The two sample Kolmogorov-Smirnov test somewhat brings us closer to that dialect. Macroeconomics has used it specially to evaluate structural changes. The tactic is as follows: 1) there is an apparently distortive event, and we want to evaluate its effects on a particular time series; 2) we divide the series in two parts (before and after the event); and 3) the K-S test evaluates the hypothesis that both parts belong to the same distribution.

But we must be honest. For example, saying that the entry and exit of the world pandemic crisis of our decade had deflationary and inflationary effects, respectively, is a truism. However, this statistical test has much greater capabilities. In fact, in natural sciences, its traditional use is precisely within the laboratory: to compare treatments and controls.

With that inspiration, in this paper we show how useful the two-sample K-S tests can be for evaluating natural experiments. Specifically, we will put under scrutiny the theory that Latin American inflation since the recovery from the COVID-19 global crisis has been imported from the monetary policy of the Federal Reserve of the United States (see section 3.3).

We also present what, at least to the author’s knowledge, constitutes a methodological innovation: the use of K-S tests to diagnose asymmetric effects. In that spirit, we will evaluate whether the establishment of pandemic restrictions caused deflation to a lesser extent than the inflation caused by their lifting — again, focusing on the Latin American experience.

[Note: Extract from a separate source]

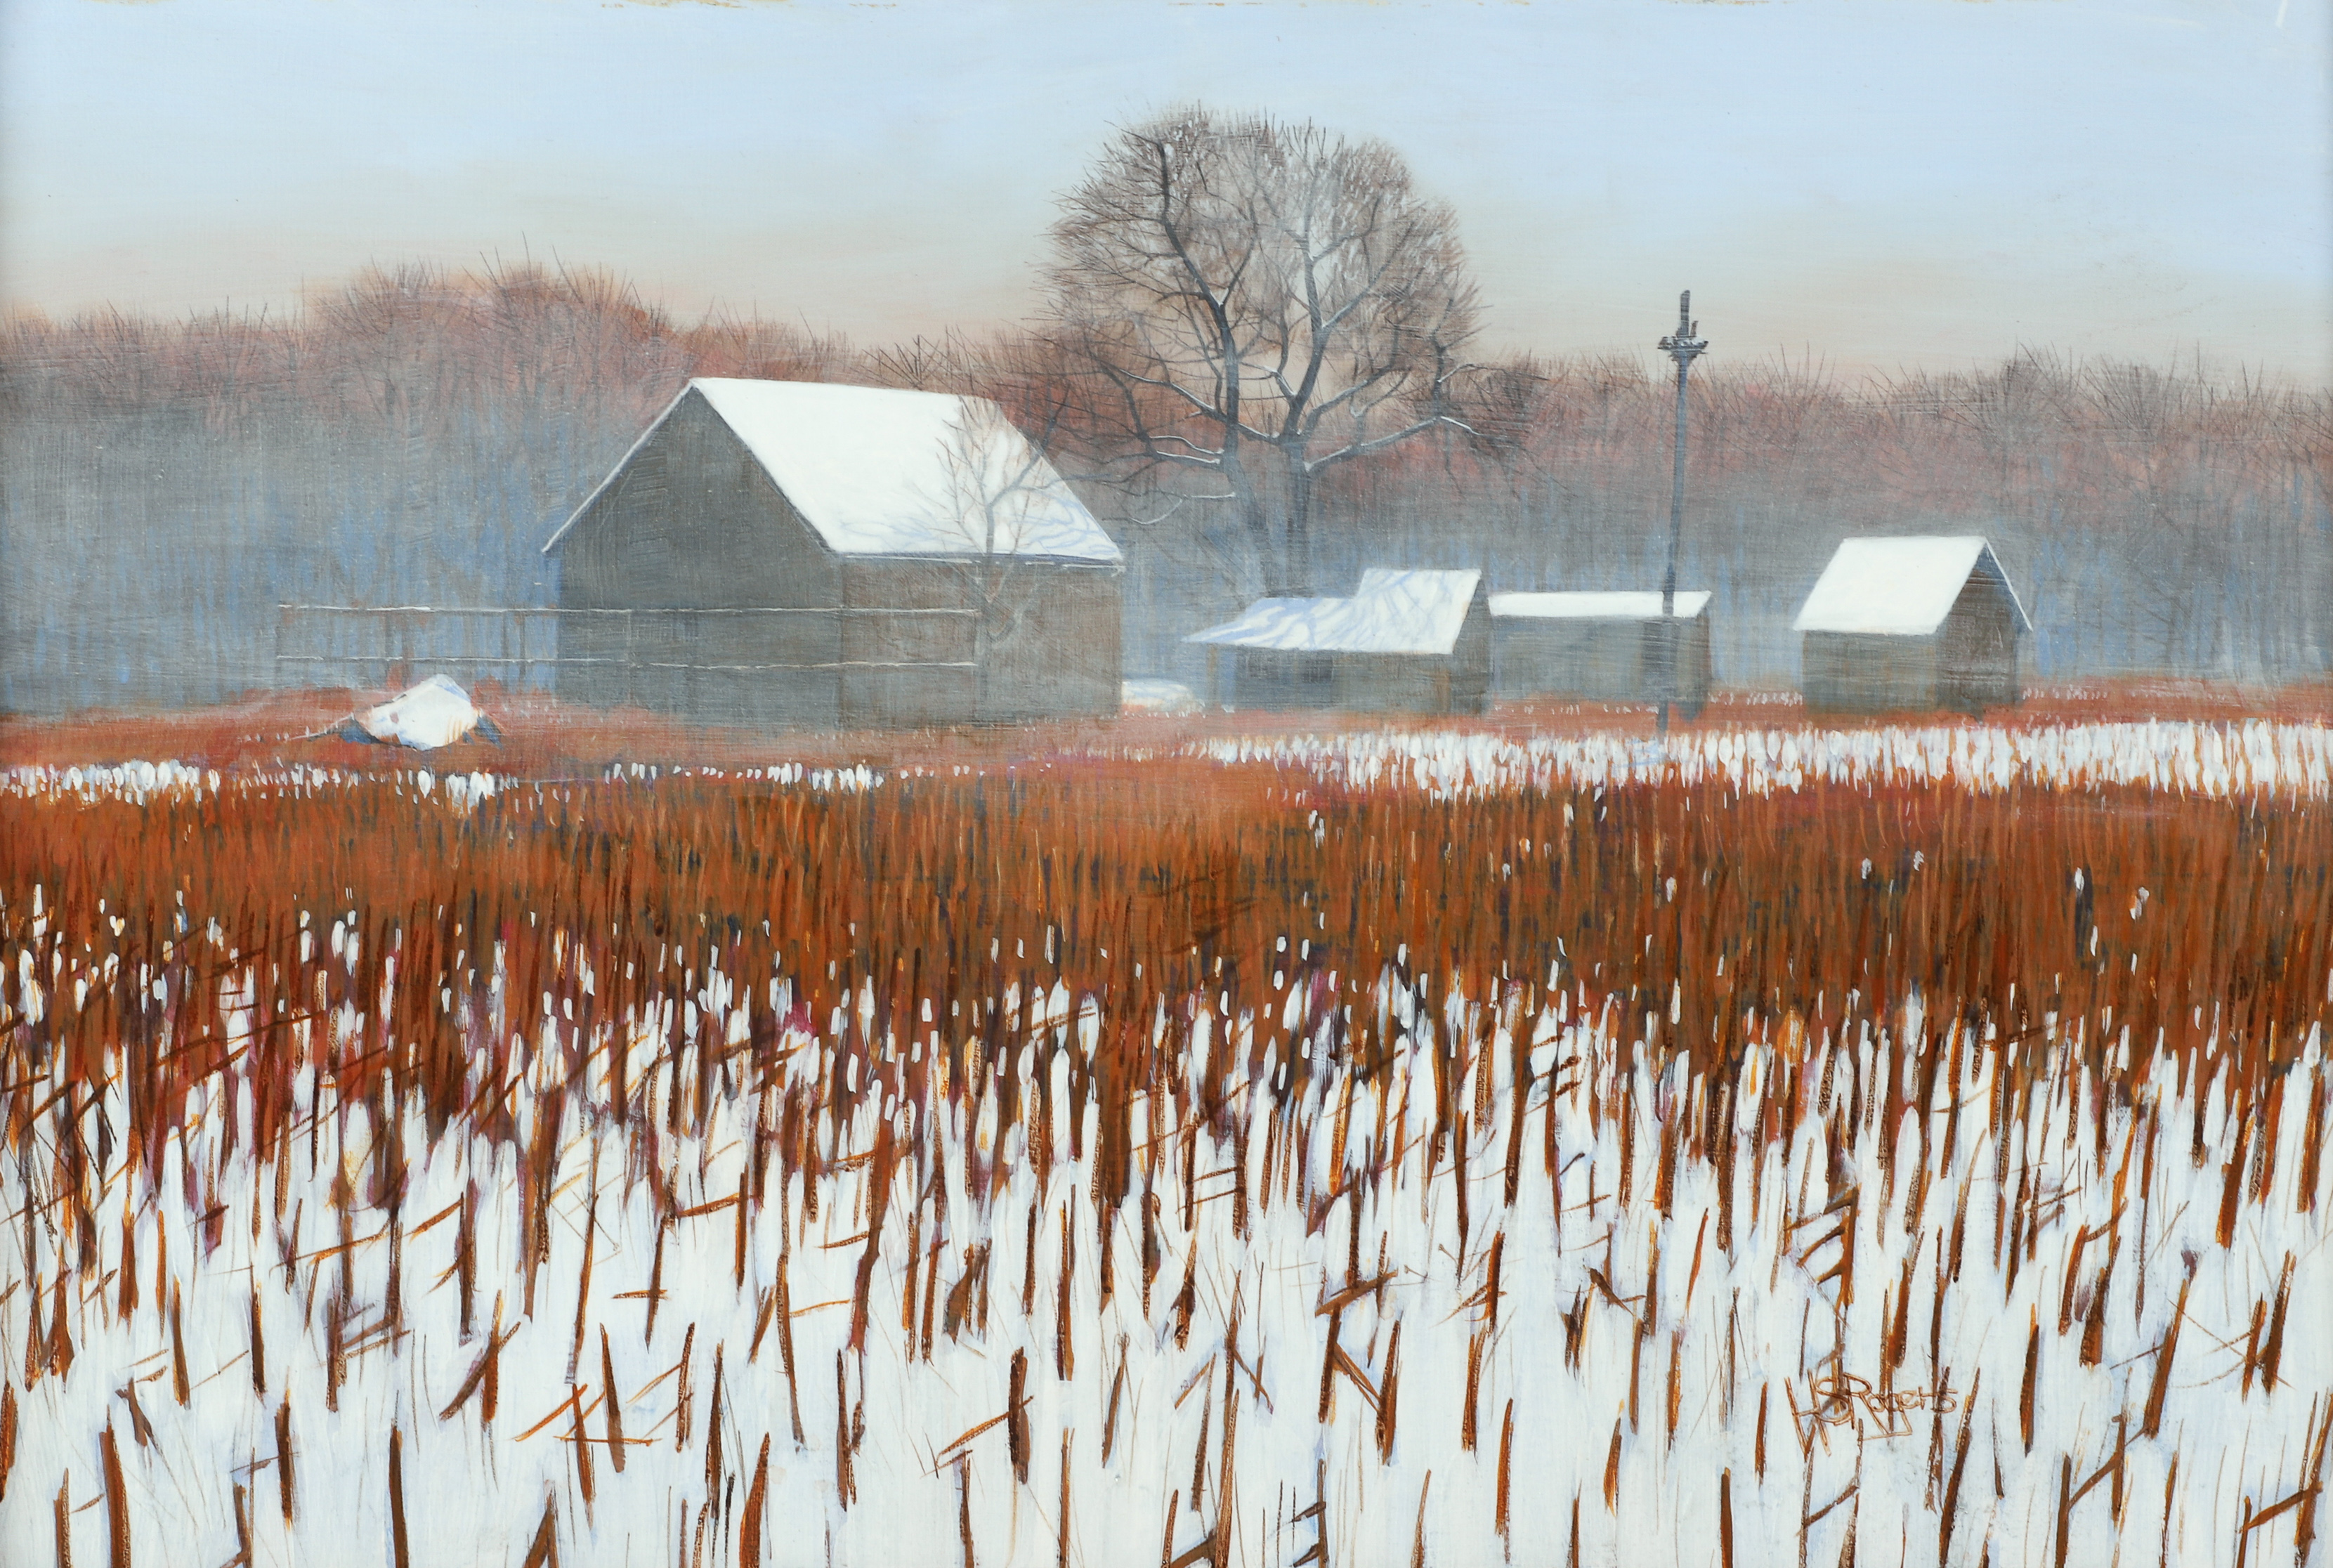 H S Rogers farm landscape painting 3b3aec

Now, before moving on with the rest of the paper, we must issue a warning: our preference for the Kolmogorov-Smirnov test is solely due to its popularity. All the virtues of this tool for the present work are shared by any non-parametric test that attacks the so-called «two-sample problem»; and there is no doubt that, in the catalog of such tests, there may be better ones than the Kolmogorov-Smirnov test depending on the circumstances.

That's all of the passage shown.